9月9日、全医労中央闘争委員会は、「医療崩壊を許さず、地域医療と国立病院の機能強化を求める声明」を発表しました。
医療崩壊を許さず、地域医療と国立病院の機能強化を求める声明
新型コロナウイルス(以下:新型コロナ)の感染拡大は、国民の生命と生活に深刻な影響をもたらしています。
2019年末の新型コロナの発生以来、国や自治体からの要請を受け、全国にある国立病院機構140病院、国立高度専門医療研究センター8病院(以下、国立病院)のうち、100近い病院で新型コロナ患者受け入れ、感染拡大地域への看護師派遣も行ってきました。
変異株などの急拡大で、各地で自宅療養者が増える中、重症化しても病床や医療従事者の不足等で受け入れが困難となり、入院できずに亡くなるという、あってはならない事例も相次いでいます。直ちに臨時国会を召集し、国が責任をもって、「医療崩壊」を食い止め、国民のいのちを守るための緊急対策を講じることを求めます。
国立病院の現場も深刻な事態が続いています。組合員からは「スタッフは疲弊し、退職する人、メンタル不全で病休者も続出している」、「N95マスクは未だ不足している」、「1年以上たっても設備も装備も整っていない」、「感染リスクと隣り合わせ。感染防止に細心の注意を払い、神経をすり減らしながら働いている。コロナ患者の増減のたびに駒のように異動させられる。同じ病棟で1年間に6人辞めた」など、重くのしかかる負担の中、使命感のみでは働き続けられないと訴えがあがっています。
コロナ禍で浮き彫りとなったぜい弱な医療提供体制の抜本的な見直しが急務であり、すべての国民のいのちと生活を守るには平時からの機能強化が必要です。
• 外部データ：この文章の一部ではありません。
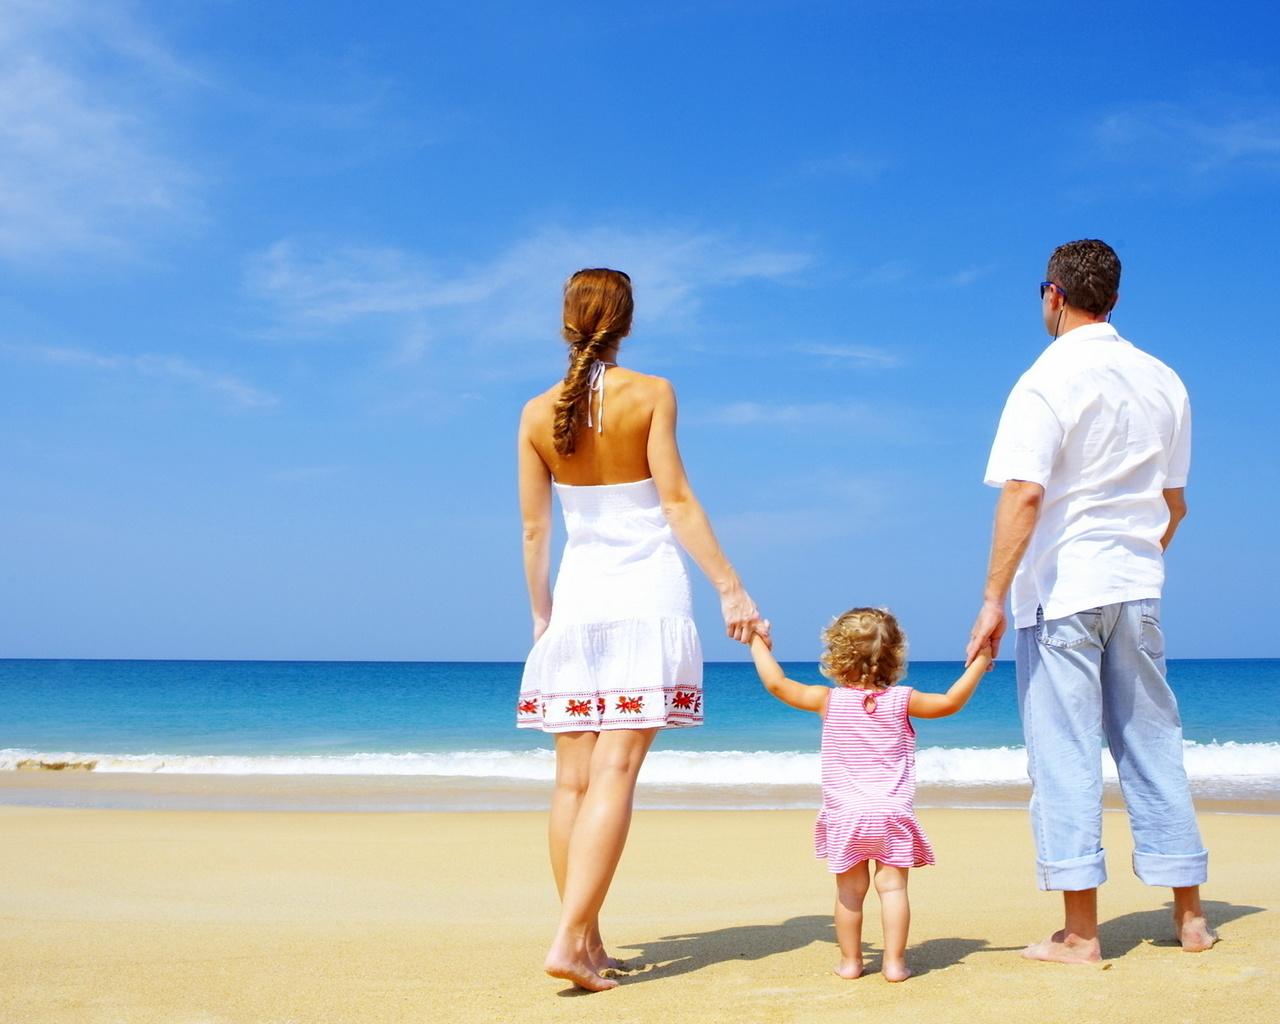 Семья любовь красиво берег песок

国立病院は全国にネットワークを有し、がん・救急医療等の地域医療、筋ジストロフィー・重症心身障害等の政策医療などとあわせ、新興感染症や大規模災害等、国の緊急時に求められる医療提供を行い、地域医療を守る一翼を担ってきました。
しかし、セーフティネット医療を担う国立病院であっても運営は採算性が強く求められています。「政策医療の遅滞なき遂行のため」として運営費交付金が繰り入れられていましたが、2011年から診療事業への繰り入れはゼロにされ、結果、結核病床等など不採算部門は縮小・削減が続き、看護師配置も公的病院の中でも低い人員数に抑えられています。
私たち全医労は、国立病院に働く医療従事者として、国に対し、国立病院をはじめ地域の「医療崩壊」を防ぎ、国民のいのちを守るため危機管理の強化を強く訴えます。公立・公的病院の統廃合を中止撤回し、新興・再興感染症の拡大、大規模災害等の緊急事態の場合に備えた万全の医療体制を求めます。
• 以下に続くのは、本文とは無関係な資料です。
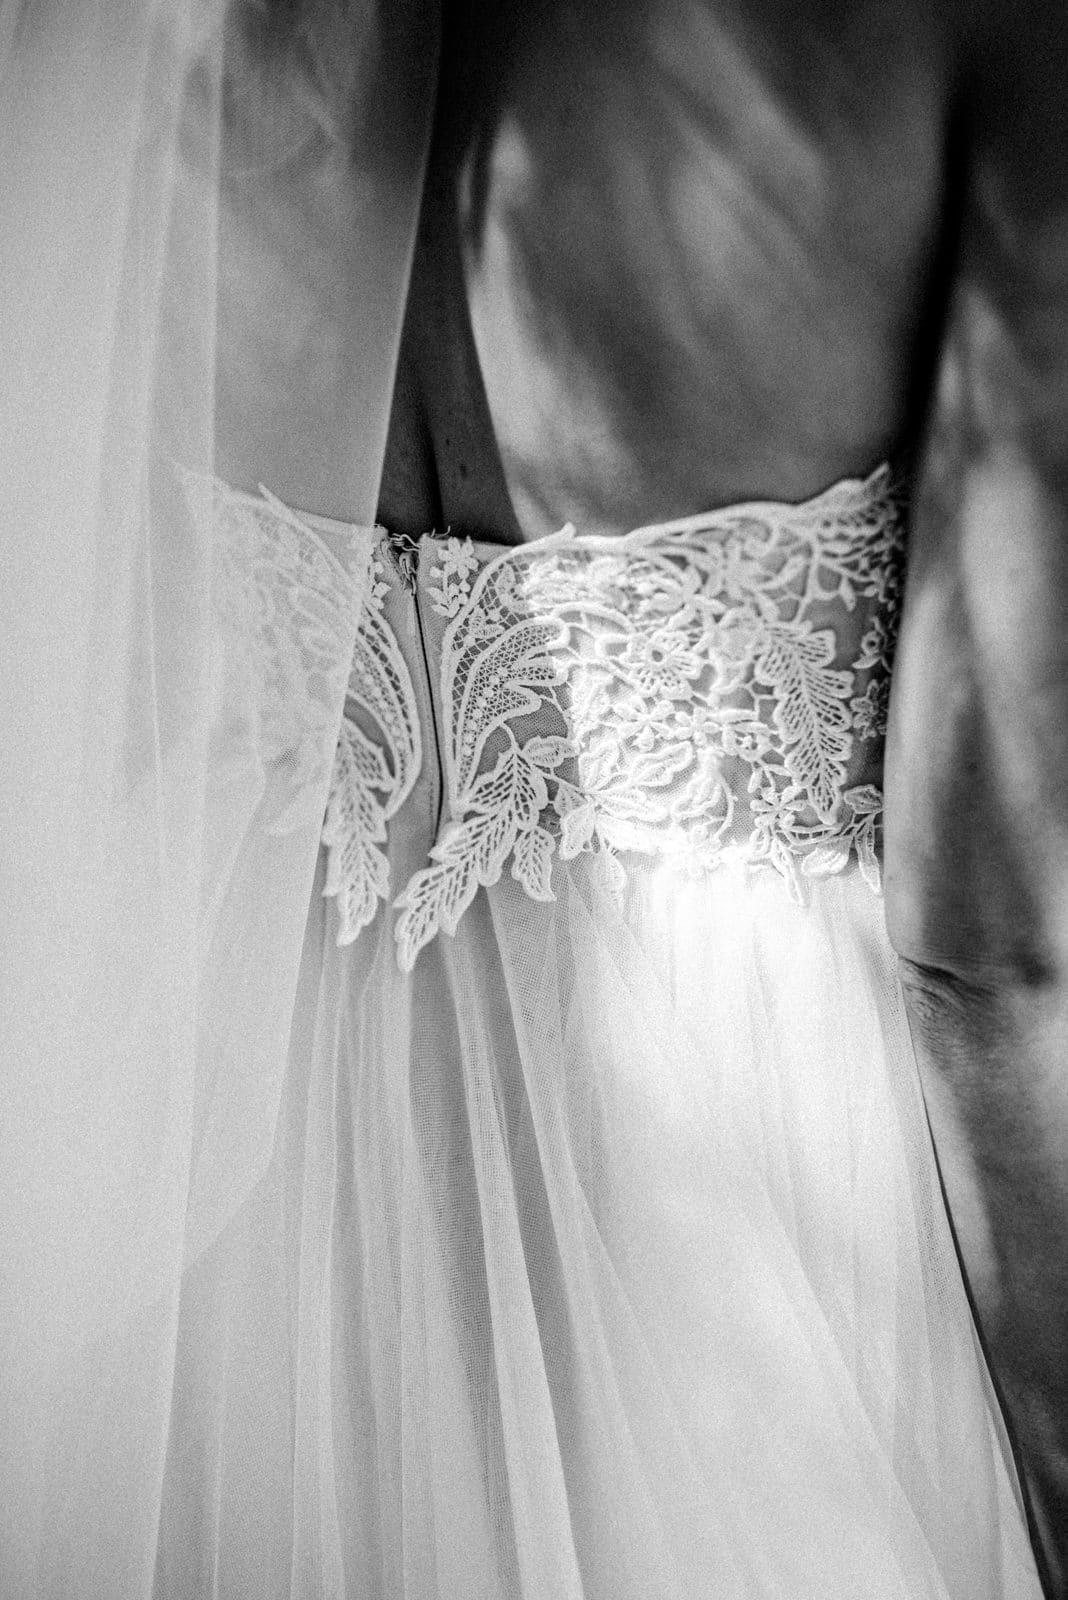 Details des Hochzeitskleides aufgenommen beim Getting Ready am Hochzeitstag

そのため、全医労は組織の総力をあげて、地域医療と国立病院の機能強化、医師・看護師をはじめとする全ての職員の増員、そして機能強化に必要な財源確保を求める国会請願署名に取り組みます。
これらの取り組みが、国民の大多数が望む医療体制強化へ結びつくと考え、たたかいを展開していく決意を表明します。